Mark Cuban, the billionaire investor and a supporter of Kamala Harris in the 2024 presidential race, said Trump’s decision to push Nvidia and AMD to pay a portion of their China-related revenues to the state was a good redistributive move that should have been supported by Democrats. “This is a ‘billionaire’s tax’ structured as a royalty or sales tax on semiconductors from the most valuable company in the world, sold to China,” Cuban said on X. “Will this make up for the explosion of the deficits we face? Not as it stands now. Not close. But give him credit for knowing how those CEOs approach problems and opportunities, and using his leverage to generate tax revenues,” Cuban added. “POTUS is more progressive when it comes to taxation than anyone in the progressive wing of the Dems has ever been.”…
Bernie Sanders, the leftwing US senator, lauded Trump’s Intel deal, which mirrored a proposal he had made himself for the government to receive equity in return for subsidies granted under the 2022 Chips Act. “I am glad the Trump administration is in agreement with the amendment I offered three years ago,” said Sanders in a statement. “If microchip companies make a profit from the generous grants they receive from the federal government, the taxpayers of America have a right to a reasonable return on that investment.”
Two areas of particular interest are how Trump moves on Big Pharma and Big Tech.
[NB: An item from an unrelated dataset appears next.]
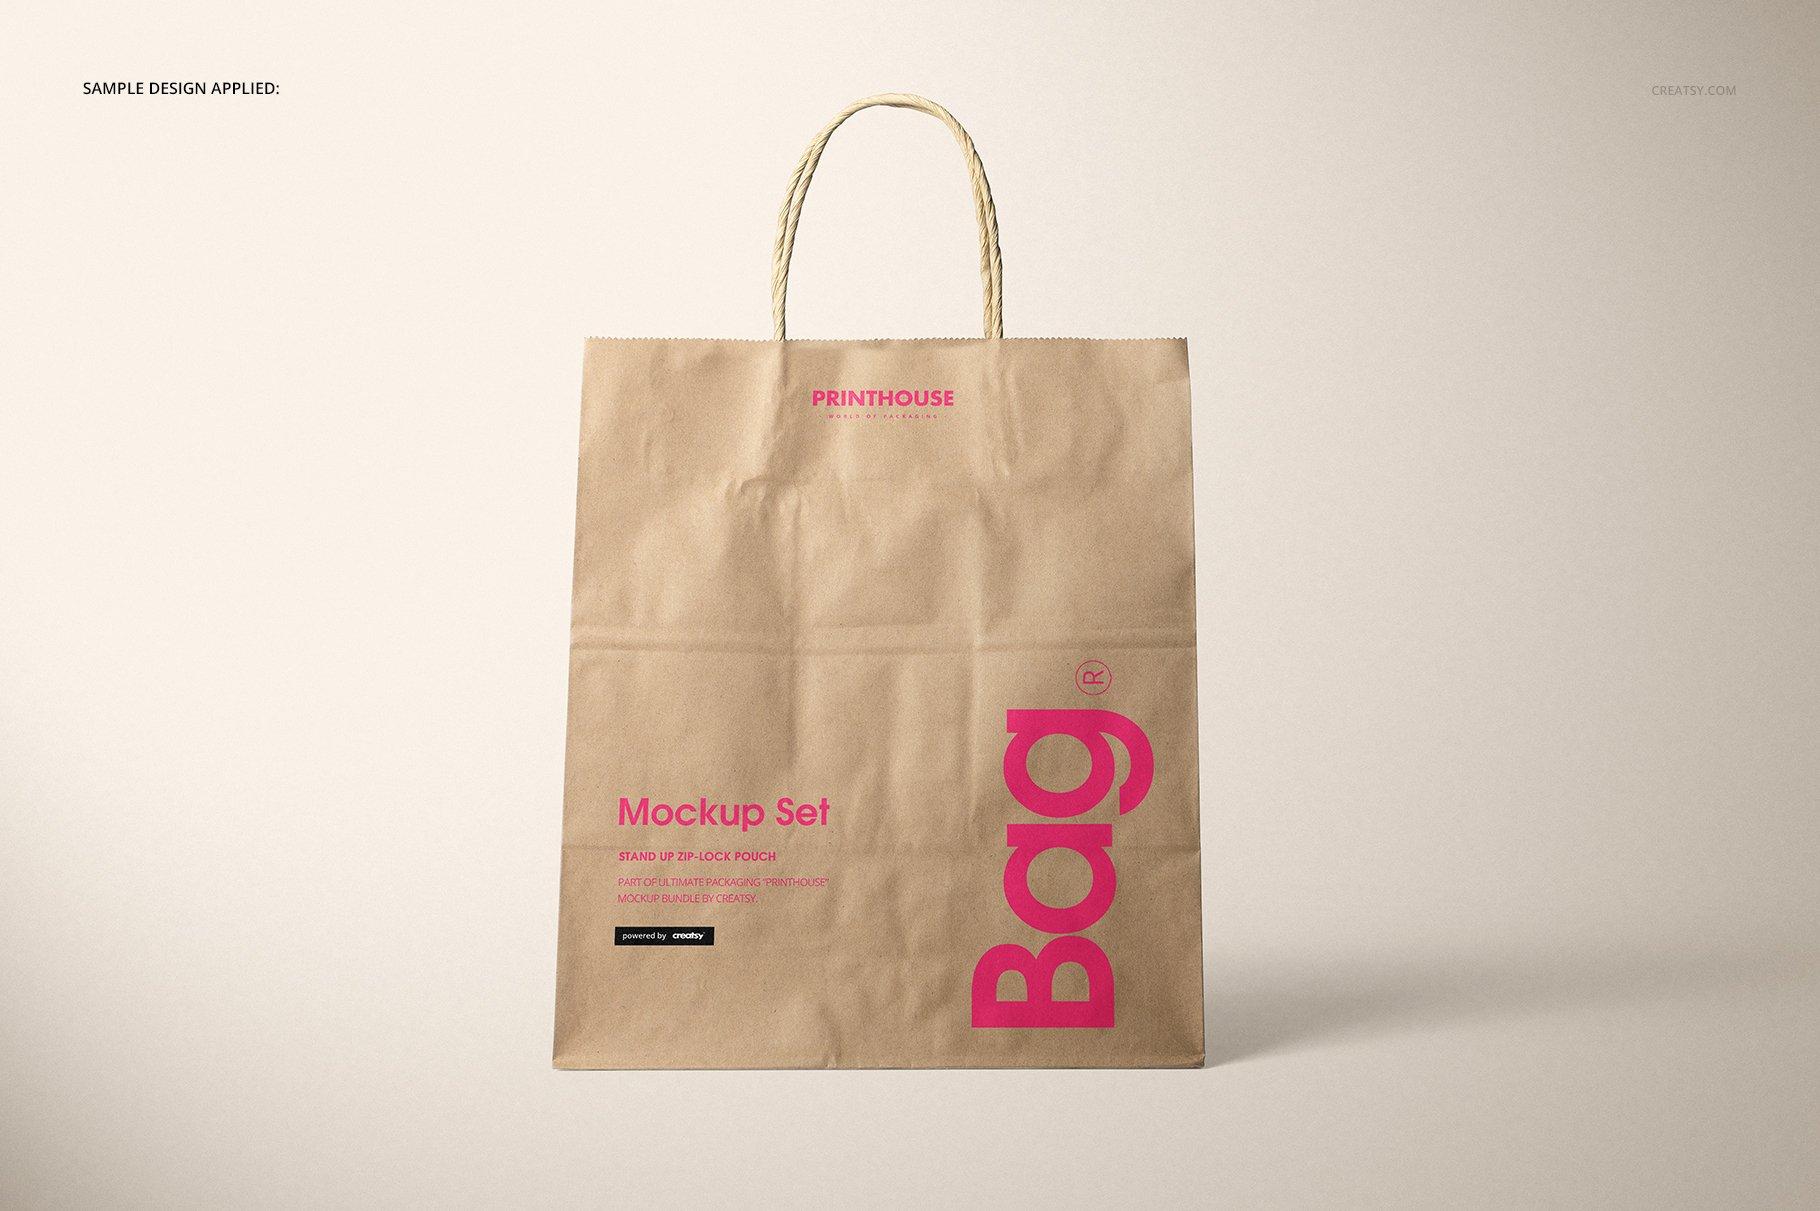 [淘宝购买] 时尚牛皮纸购物手提纸袋设计贴图样机模板 Natural Kraft Shopping Bag Mockup 2插图(5)

He has already committed to lowering US drug prices by up to 80%. In late July, he wrote to the 17 largest pharmaceutical companies, demanding binding commitments from them to lower drug prices by September 29.
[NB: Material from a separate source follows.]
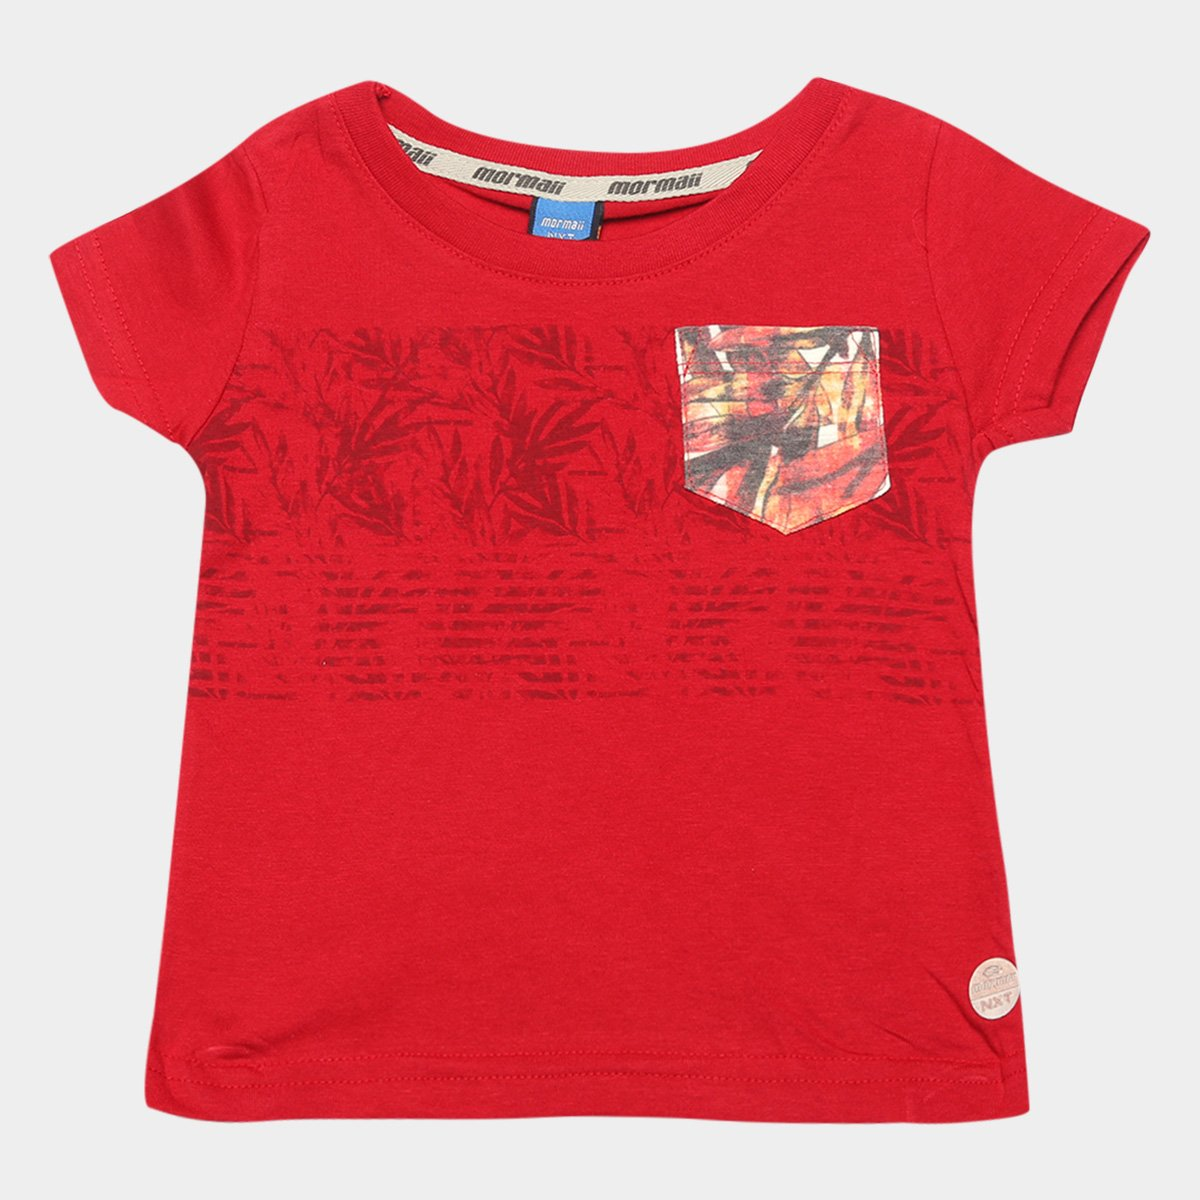 Camiseta Infantil Mormaii Tropical Masculina

The letters asked the groups to apply “most favoured nation” drug pricing to Medicaid, the US health programme for low-income people. They also asked drugmakers to offer new medicines at the same price in the US as in other developed countries, and offer direct-to-consumer drug sales that would “cut out middlemen” such as pharmacy companies.
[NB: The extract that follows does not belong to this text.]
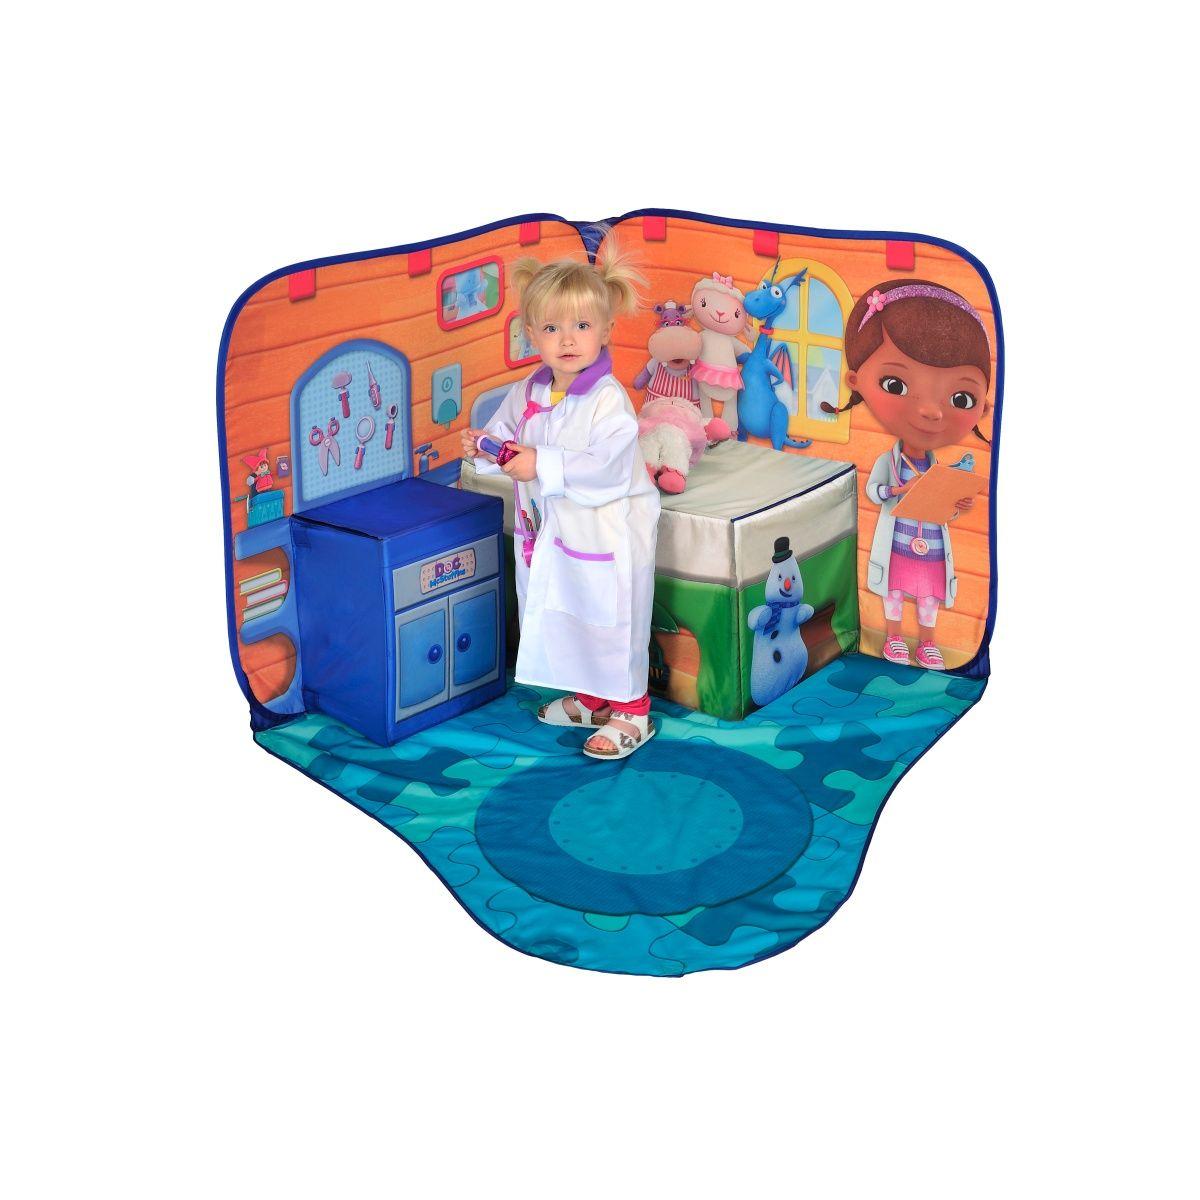 Doc McStuffins 3D Playscape - Smyths Toys

What will happen on September 29? It also remains to be seen what happens with the ongoing antitrust actions against Big Tech. Contrary to what was widely believed, the Biden-era antitrust actions have continued. Landmark decisions on Google and Meta are expected anytime, which could dramatically revise decades-long paradigms on antitrust and makeover the competition landscape in the digital technology sector. It’ll be interesting to see how far this will be allowed to go once the first verdicts come. For example, will Trump intervene with deals that break up Google and Meta?
Successive democratic administrations compromised on their ideals and allowed these excesses to build up. And it has now taken a right-wing populist backlash to tame and recalibrate these forces. Liberals and progressives should take note.
Finally, the ongoing trends in China and the US are also a reminder about Marx’s famous quote in The Eighteenth Brumaire of Louis Bonaparte, “Men make their own history, but they do not make it as they please; they do not make it under self-selected circumstances, but under circumstances existing already, given and transmitted from the past”. While both Xi Jinping and Donald Trump are creatures that emerged by harnessing the political forces unleashed by the underlying economic, social, and cultural conditions, their individual personalities and contributions to seize the moment and shape it in their favour should not be overlooked.